Vanessa Cubas, Pradeep Janardhanan, Kamila Rakhimova, Soumendu Ghosh, Steve Ward
University hospitals Birmingham, Birmingham, United Kingdom
Introduction: Failure to appreciate the anatomy of AF leads to recurrence. Successful treatment requires accurate pre-operative clinical assessment and often imaging (MRI). Information is conveyed by operation notes and MRI reports. The key elements of AF anatomy to be assessed and recorded, have been defined. Proformas have been designed to ensure that key information is not overlooked. We assessed our operation notes and MRI reports for completeness of the detail required.
Methods: Retrospective observational study of day-case operations for AF between September and December 2022. The St Marks AF proforma and minimum dataset for MRI reporting were used as standards.
Results: 56 cases were included, 40 underwent MRI. MRI reported AF classification, path and internal opening in 95%, 95% and 90% cases respectively. External opening and track length were reported in 47.5% and 29% cases. Operation notes described the primary tract, internal and external openings in 80%, 71% and 69% cases respectively. The relation of the internal opening to the dentate line was described in 40% cases and diagrams were provided in 5% cases.

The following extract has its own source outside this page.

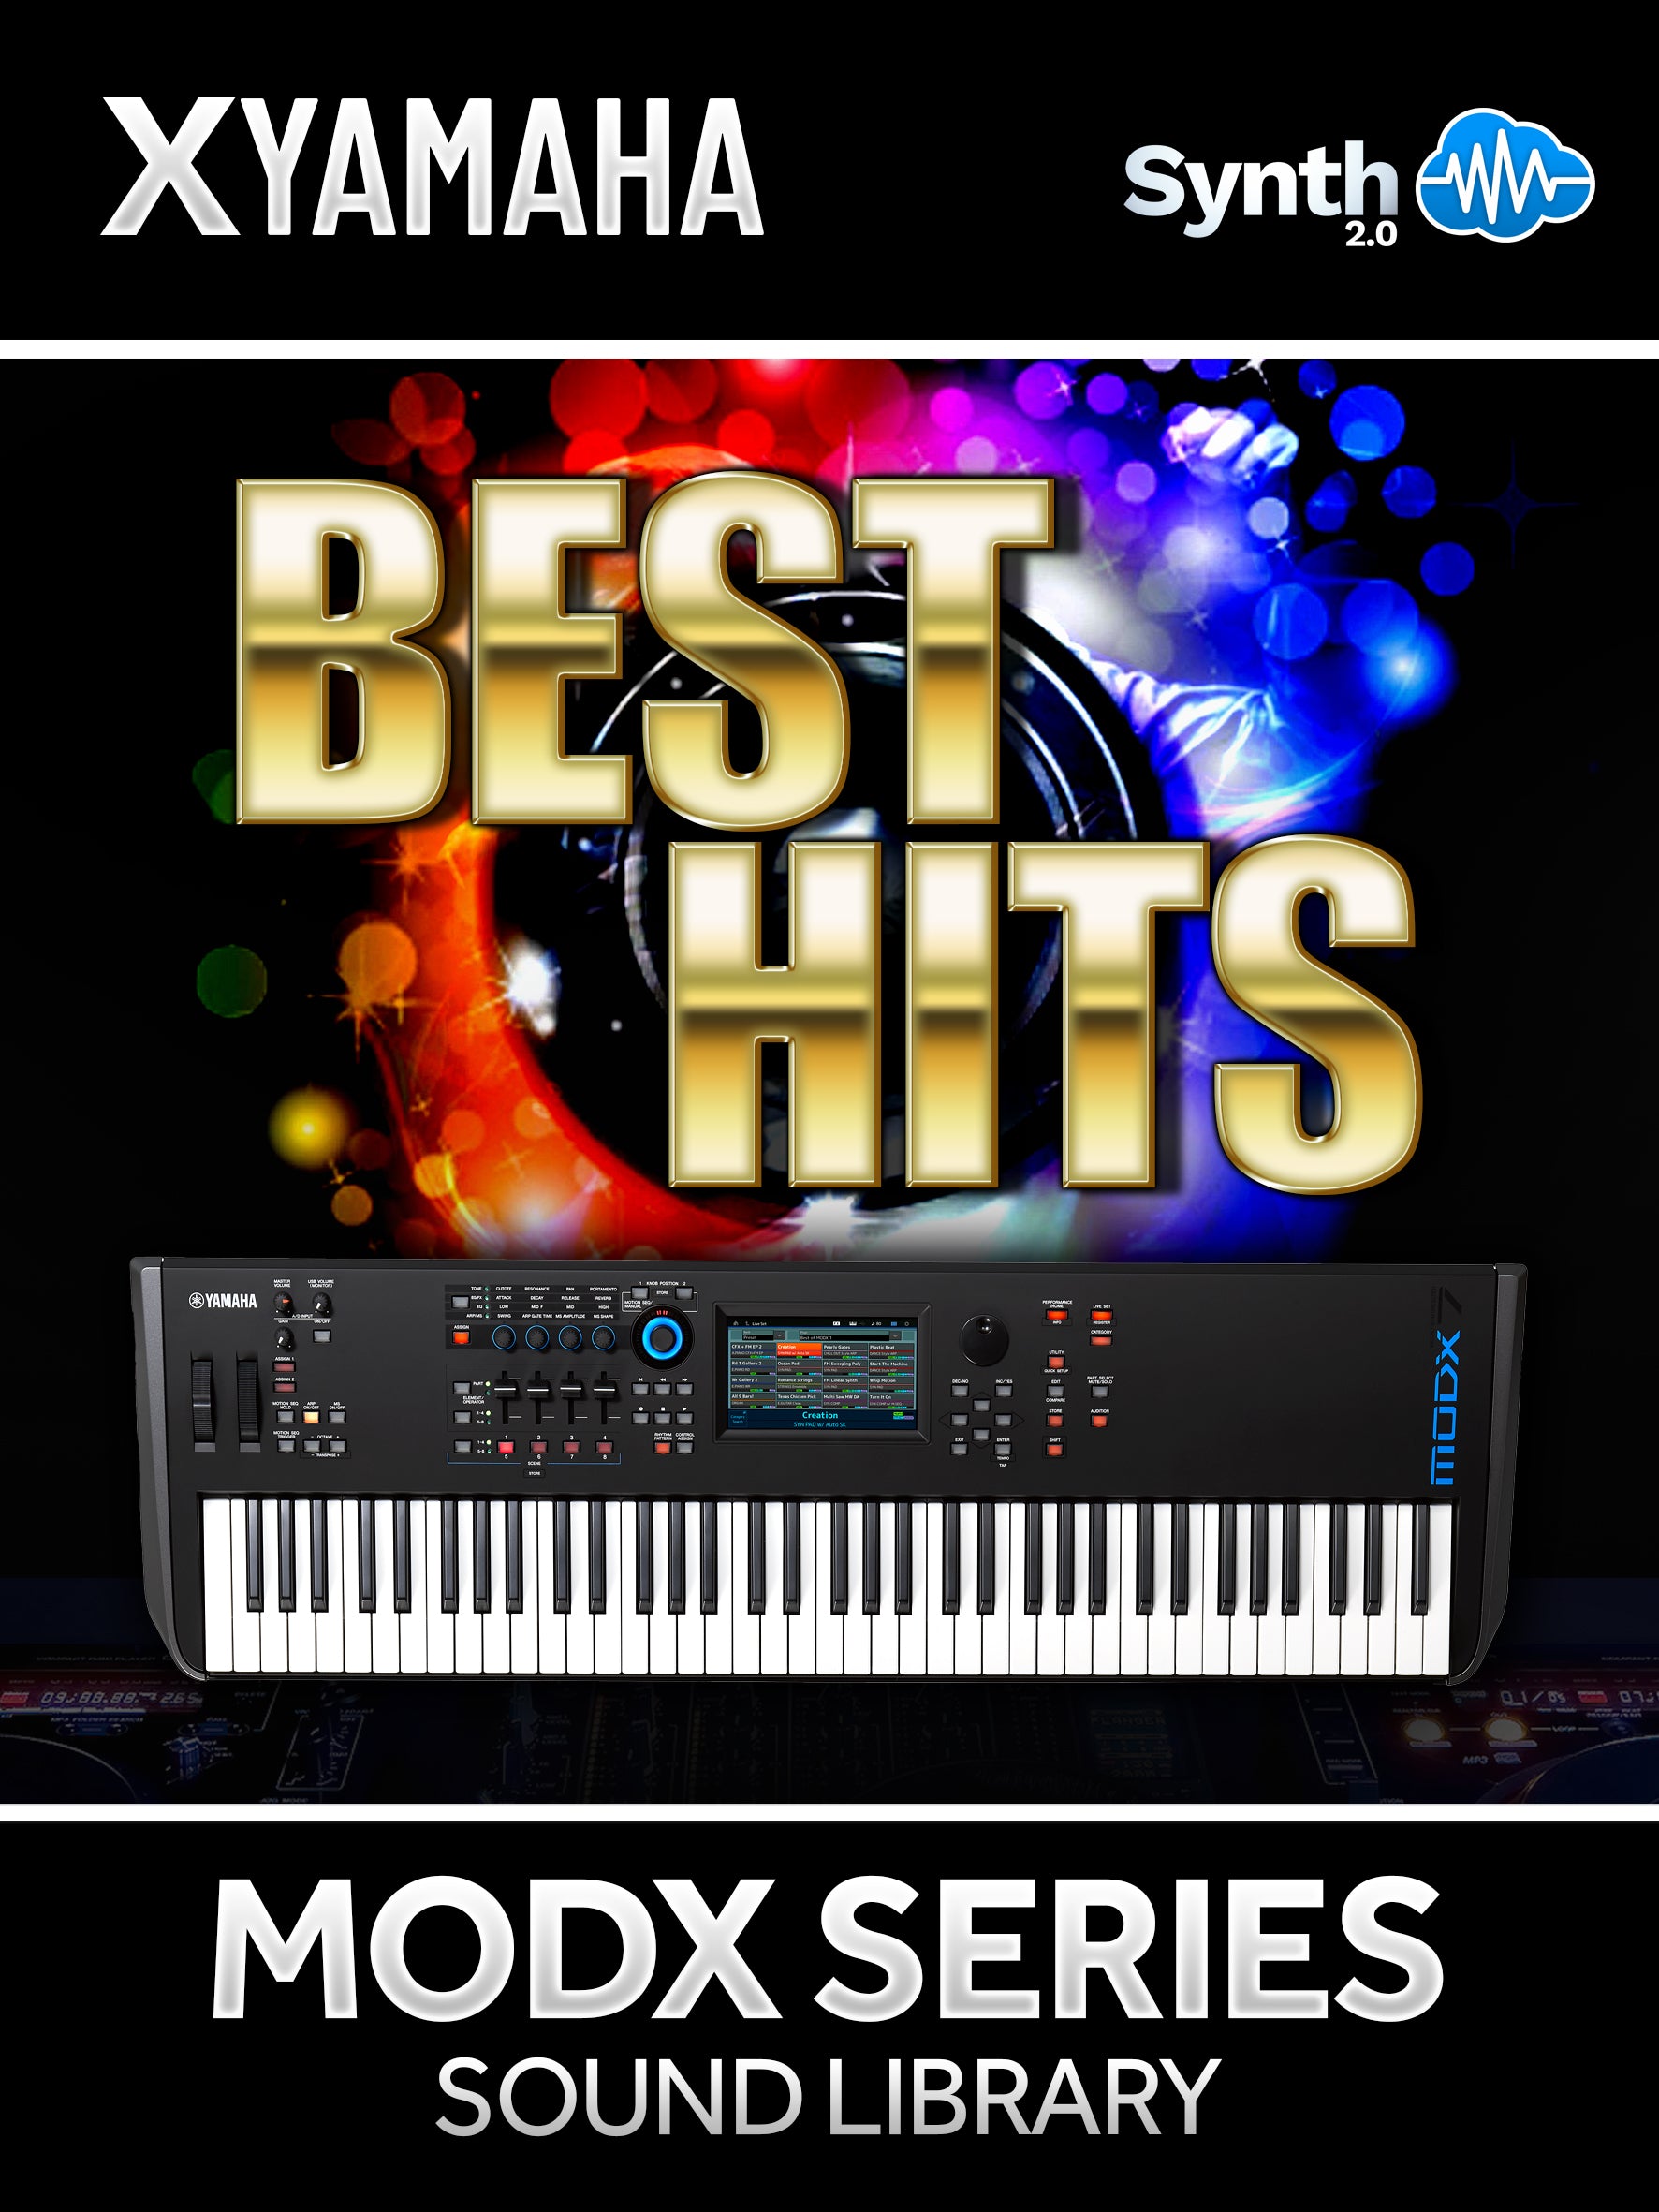 SCL077 - ( Bundle ) - Best Hits + Dance Hits - Yamaha MODX / MODX+

Conclusion: MRI reports most of the key elements of AF anatomy, but there is still room for improvement. MRI proformas augment report completeness. Operation notes omitted key elements of AF anatomy, reducing the information available to subsequent surgeons for future operations. We have introduced electronic operative noting software that permits the drawing of AF in 3-dimensions and mandates specification of key AF elements. If selected for oral presentation, we will present a video of the software.